Is humanity letting itself be taken over before it even bothers to know itself? Above the entrance to the temple of Apollo at Delphi was the famous statement, "Know thyself." It was a call to self-reflection and introspection. It was meant to encourage humans to know themself before making decisions or choices. Have we forgotten this old wisdom?

So, What Is Consciousness?

We are already handing over all decisions to artificial intelligence before we know the value of our own living intelligence, to artificial intelligences designed by digital architects who are not at all disinterested and free from the pursuit of power and money. Or were their designs created out of love for humanity? A complex discussion is hanging over our heads.

To what extent do we allow our lives to be supported or determined by non-living algorithms? Consciousness is not a set of rules. Then what is consciousness? Again, there is no single point of view, and the differences between scientific perspectives are great. So is it a matter of choosing the theory that best fits our beliefs or supports our career?

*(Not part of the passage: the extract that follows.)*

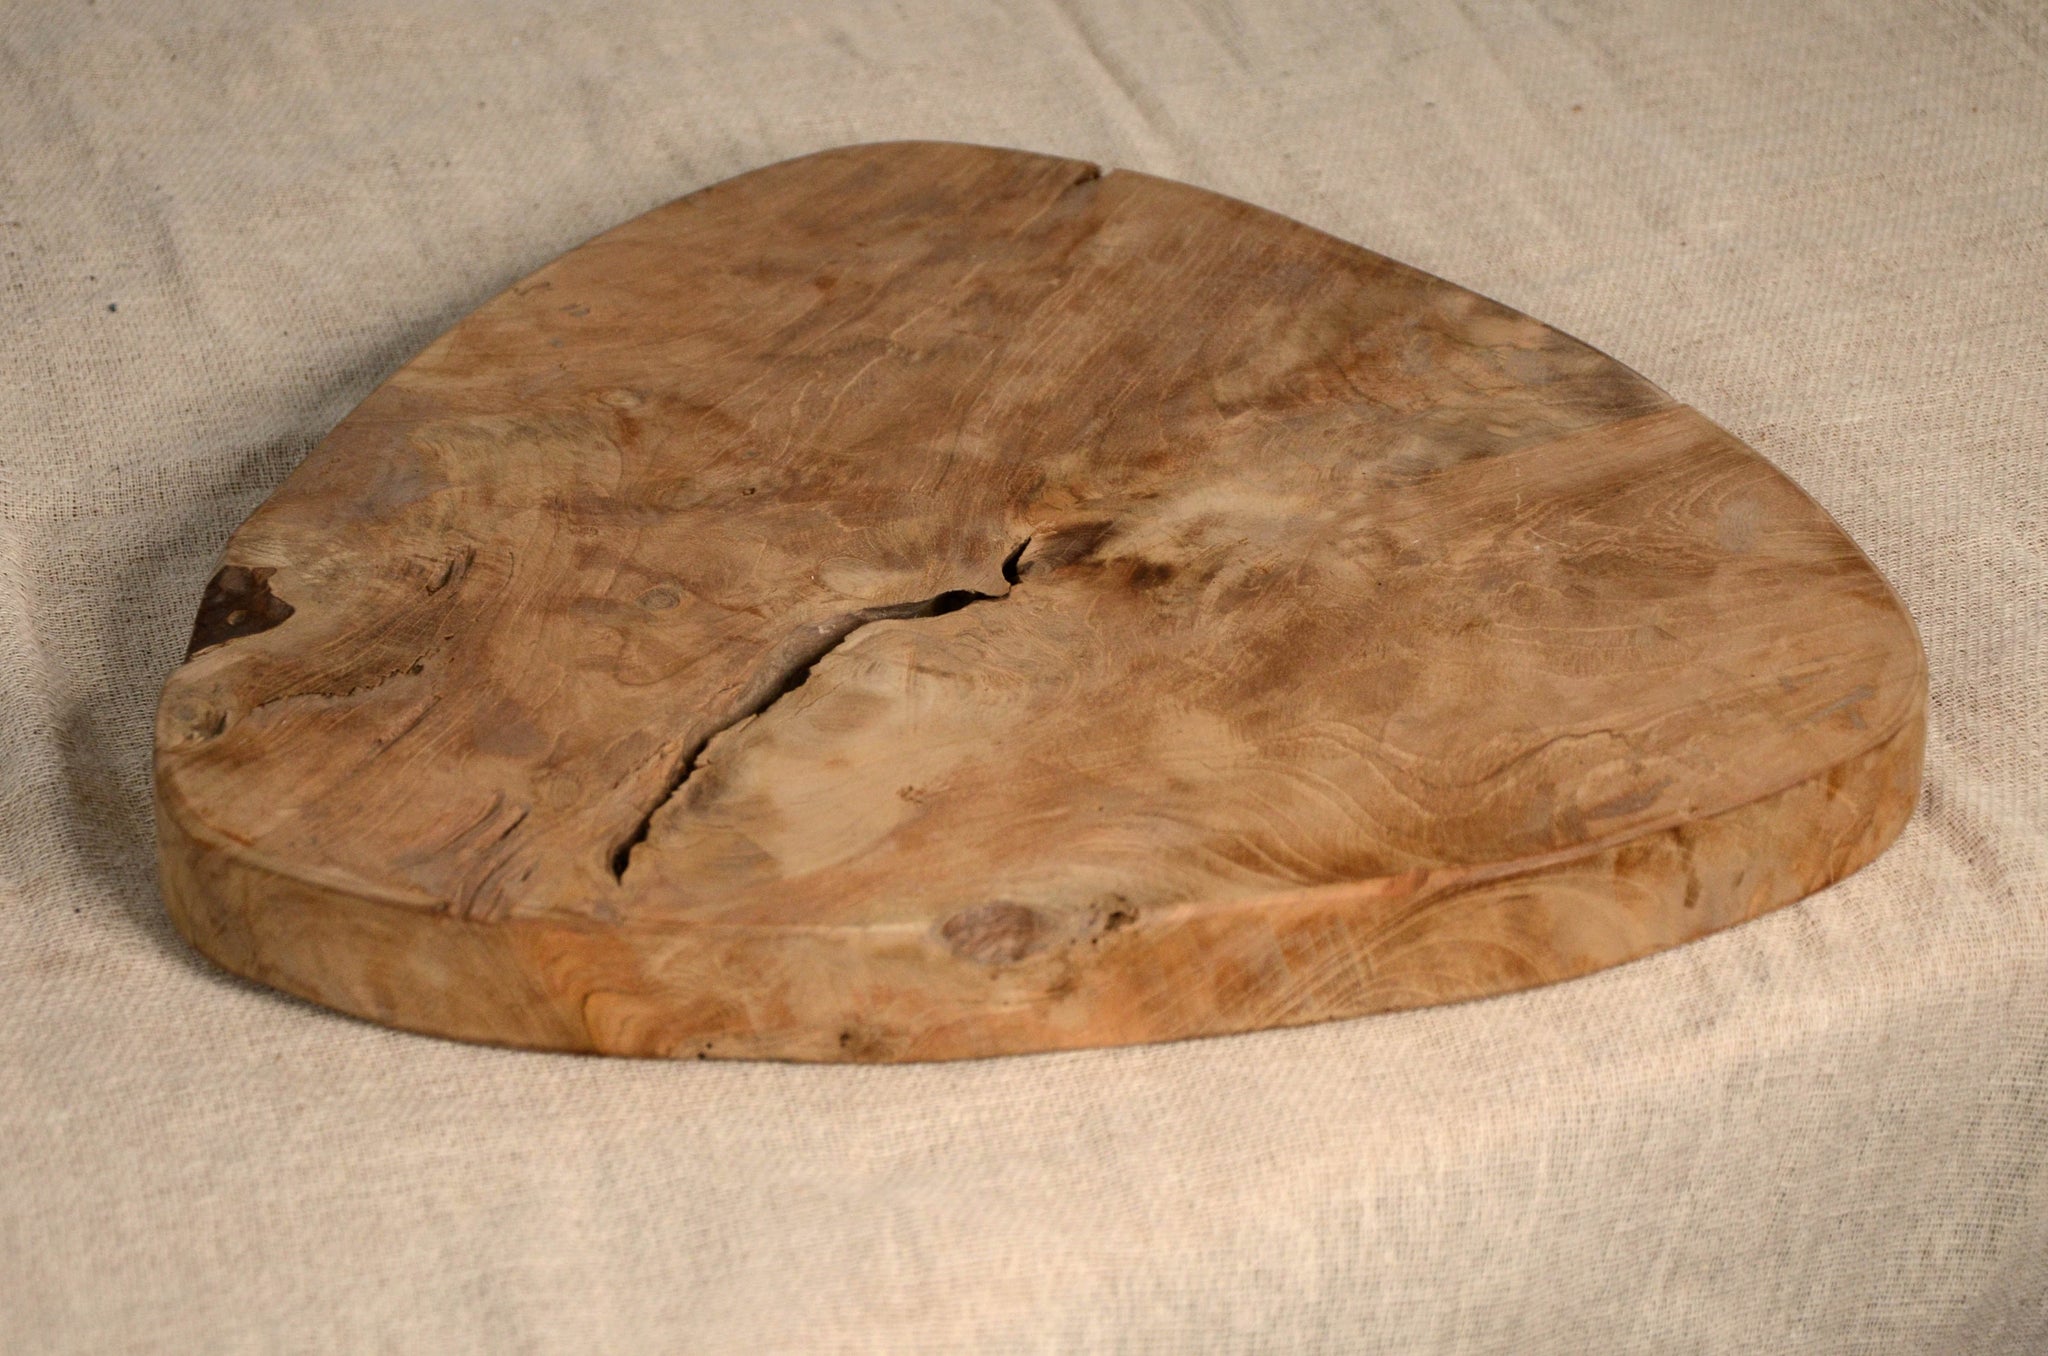 Reclaimed Rustic Teak Root Chopping Boards Serving Platters Bread Board Cheese Board

Do we choose one of the many variants of a higher-order theory, like Joseph LeDoux's? Do we choose the embodied theories of Anil Seth or Antonio Damasio? Do we choose the neurophenomenological approach of Fransisco Varela or Evan Thompson, the causal power of the integrated information theory of Giulio Tononi and Kristof Koch or the many other schools of research? Again, there is no clear answer, the research is still open.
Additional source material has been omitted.